This book is part of a series of ID guides, and follows the same format. However, what worked well for wild flowers or insects doesn't make quite such a neat fit here. First of all, what is an "animal" for the purposes of the title? The book starts with all the native and wild, introduced mammals (such as red squirrels, muntjac deer and mink) including bats. This is followed by amphibians and reptiles.
After this there is a 12-page section on "fieldcraft" - tracks and signs, that sort of thing. Suddenly there is a change of tack and we encounter a section on breeds of farm animals - including birds - followed by pages on breeds of dogs, and then horses. After this, the book reverts back to "How to see and study animals", including for instance how to preserve footprints - surely more appropriately printed next to the bit on tracks several sections before.

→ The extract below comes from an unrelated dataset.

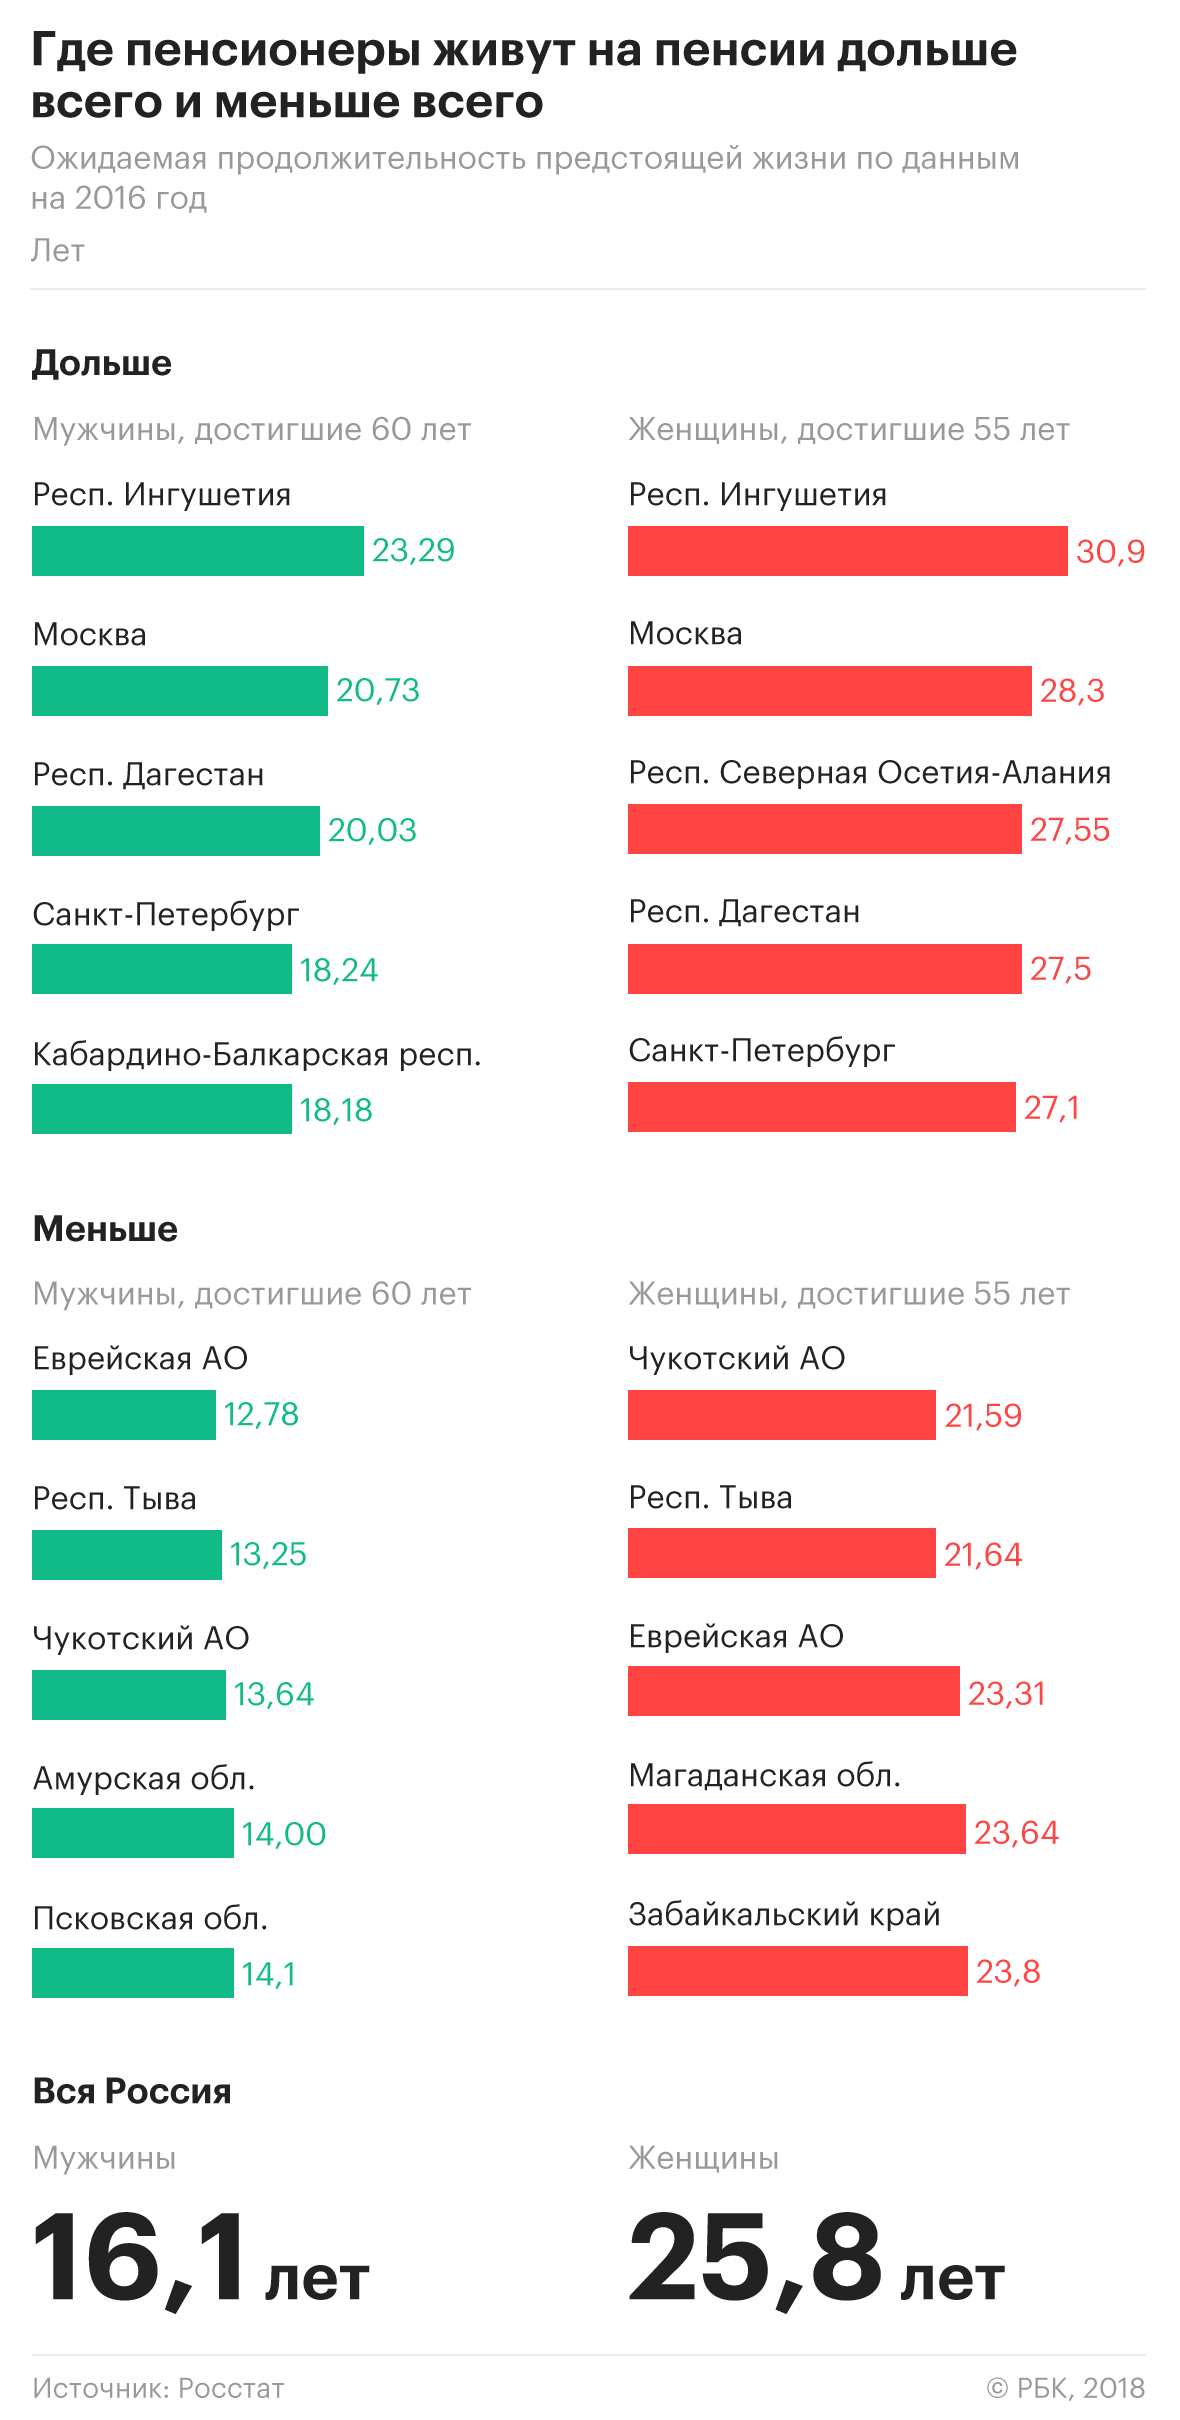 Россия на пенсии: как различается положение пенсионеров в стране

There are, throughout the book, comparison sheets so you can see closely related animals side by side, the better to work out which one you've seen. There are biological mini-essays - one on deer shedding their antlers, one on "The woodland floor at night" - you get the idea. Some of these work very well, such as the one on badgers and their setts; with others, the authors seem at times to find it a bit of a strain to know what to say.

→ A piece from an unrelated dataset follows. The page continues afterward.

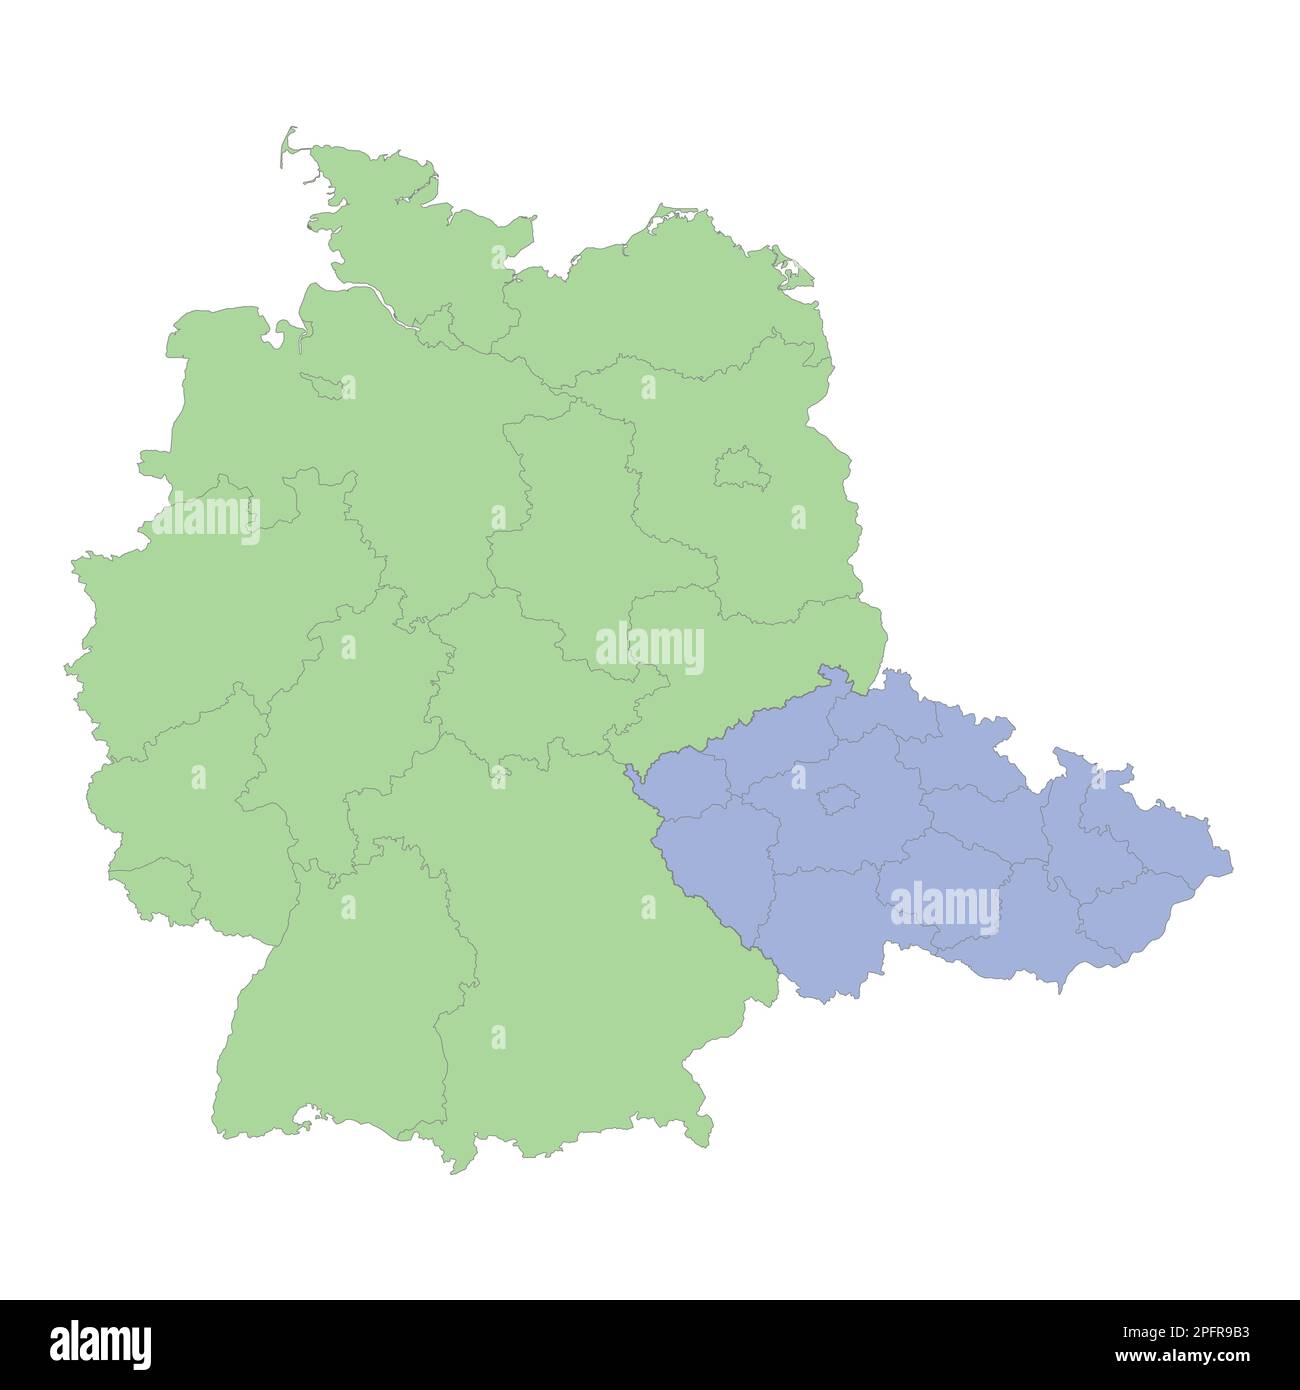 Mappa politica di alta qualità della Germania e della Repubblica Ceca con i confini delle regioni o province. Illustrazione vettoriale Illustrazione Vettoriale

This book suffers from muddled ideas on what it is for, and how people will use it. Reader's Digest clearly wanted to produce a book which is 'uniform' with the books on wild flowers, birds and so on, and the subject doesn't conveniently fit because there are so many more birds or butterflies than there are "animals", and because we see mammals or reptiles and amphibians far more rarely. I feel that Reader's Digest could have produced a simpler, clearly laid out book on wild animals, filling up the space with the natural history aspects. They could then, if they wished, have produced a whole separate book on farms and farming, which would have worked nicely on its own.
However, apart from these problems it is a very interesting and informative book suitable for adults or older children, especially for families wildlife-watching together.